In verse 9, we learn of another man named Diotrephes who loved to put himself first and who, by his arrogant slanderous talk and refusal to assist the aforementioned traveling ministers, was displaying behavior diametrically opposed to that of Gaius and of another brother in the church, Demetrius (mentioned briefly in verse 12).

Verse 11 begins with the following words from John: “Beloved, do not imitate evil but imitate good.” We can clearly take instruction from the examples of the three men named in this book. 

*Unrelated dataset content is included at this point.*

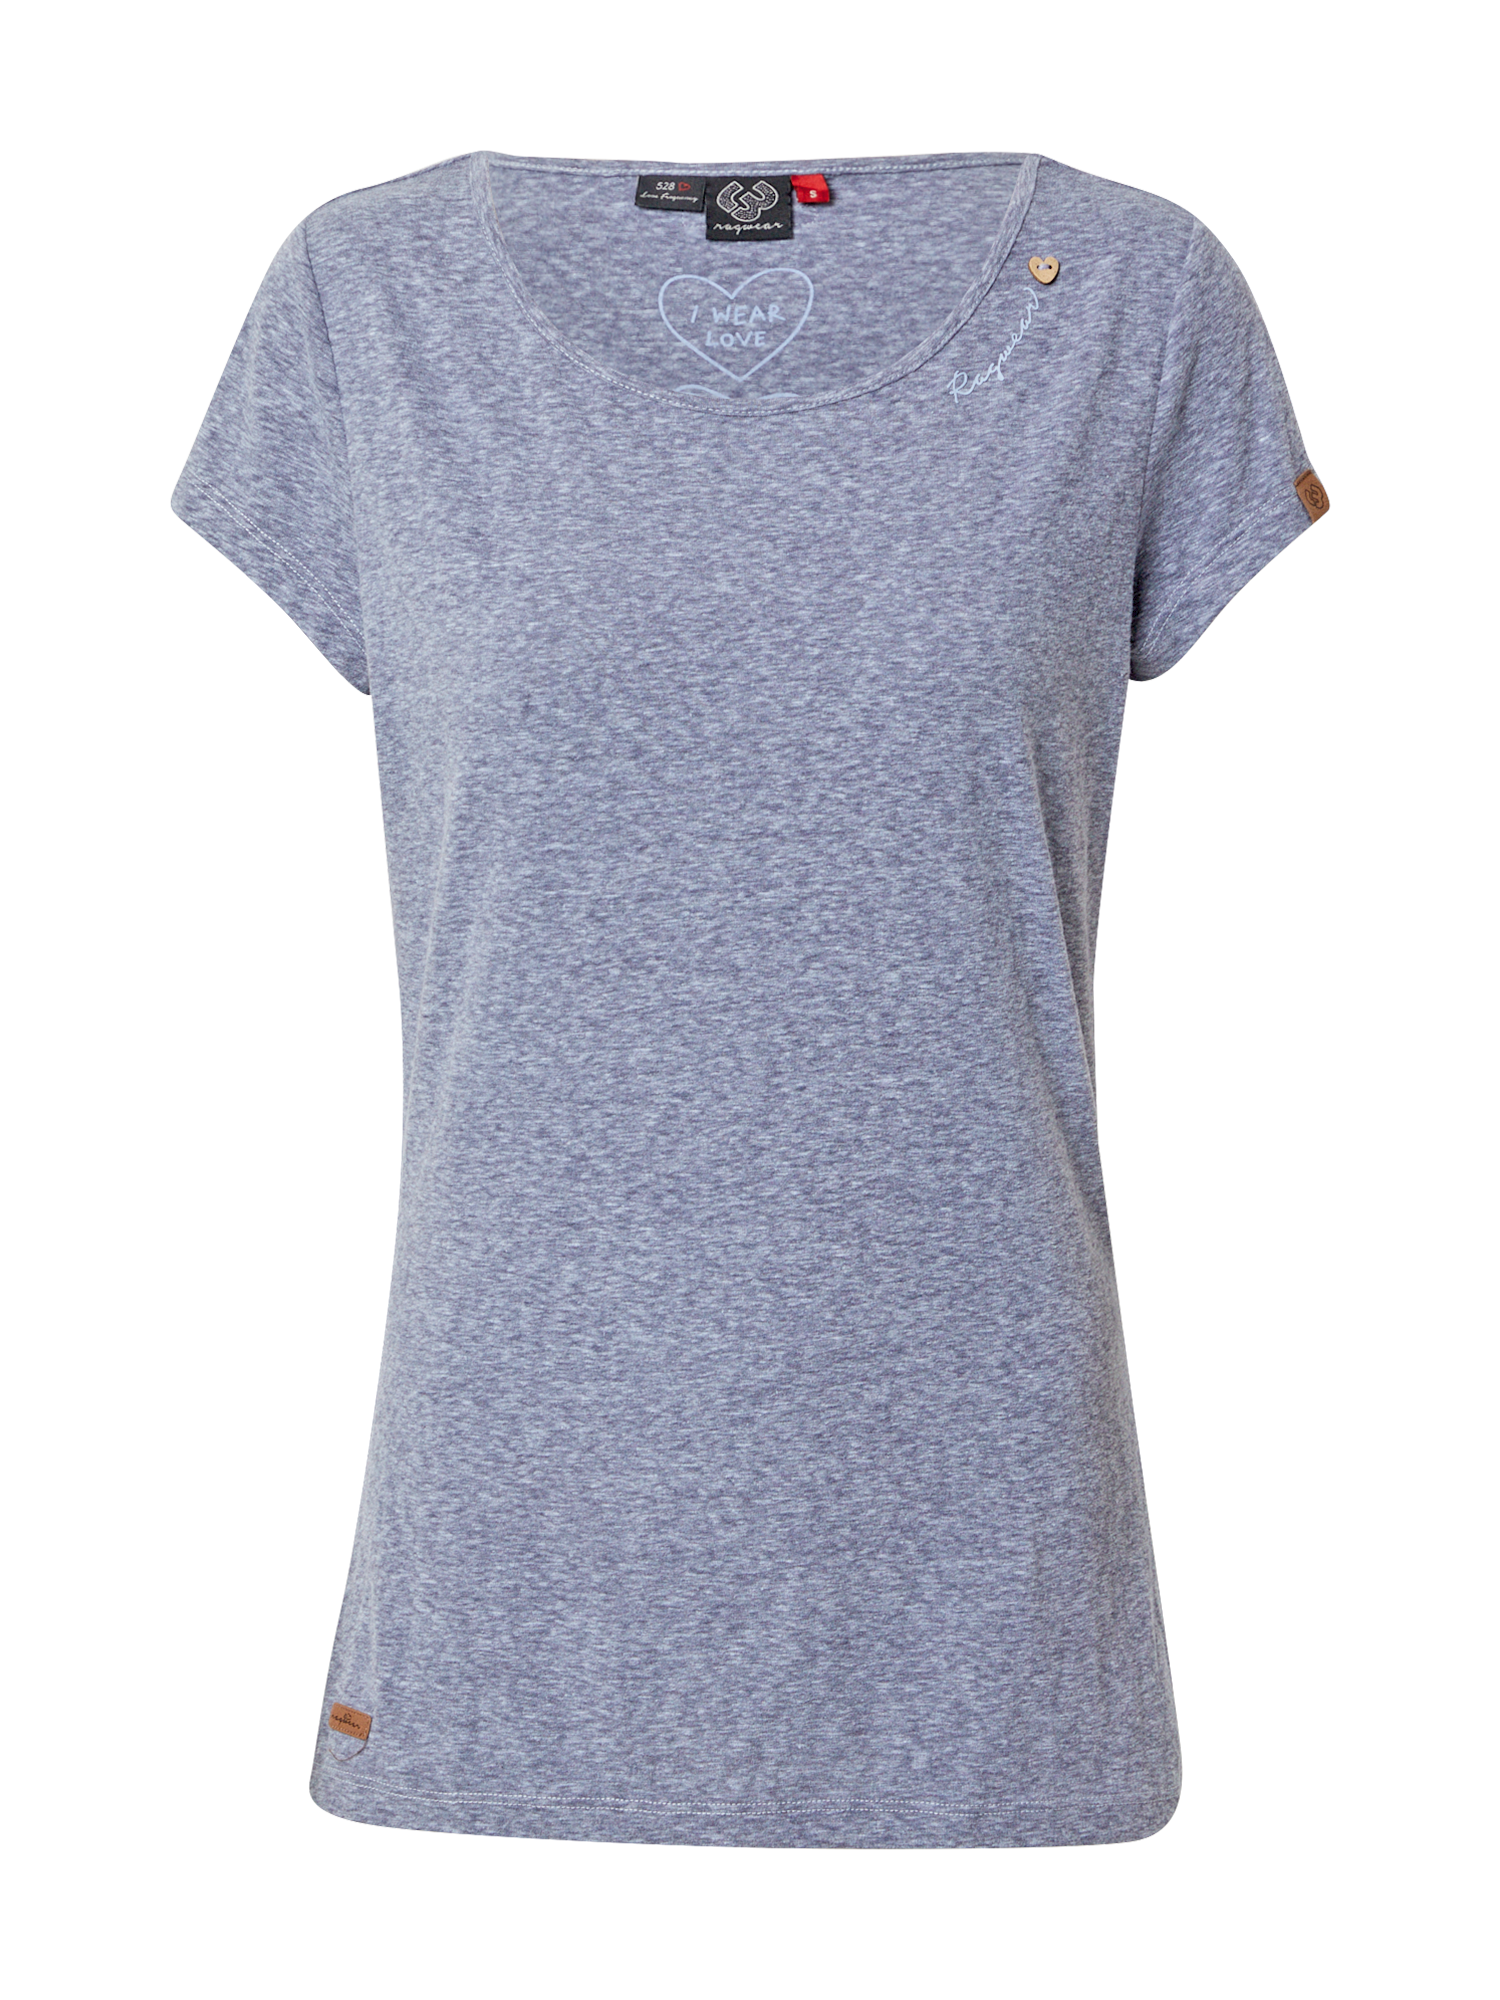 Kobiety Odzież Ragwear Koszulka MINT w kolorze Gołąbkowo Niebieskim

On the one hand, we need to beware, lest an attitude of loving to put ourselves first creep into our hearts by stealth. Or, as can often happen as well, that attitude can rear its ugly head in full force when the occasion arises where our pride is challenged. In reading about Diotrephes over the years, I have been repeatedly convicted by the fact that while I might not have behaved specifically as he did, I nevertheless have had to admit the humbling reality that I do love to put myself first. I suspect that I’m not alone in this. 

Contrast this with the spirit of humility and the desire to love others who are themselves servants by selflessly serving them and seeking to meet their needs as God gives us the opportunity. This would be showing faithfulness to walking in the truth. My prayer is that I will continue to grow in faithfulness to walking in the truth in love.  Will that be your prayer today as well?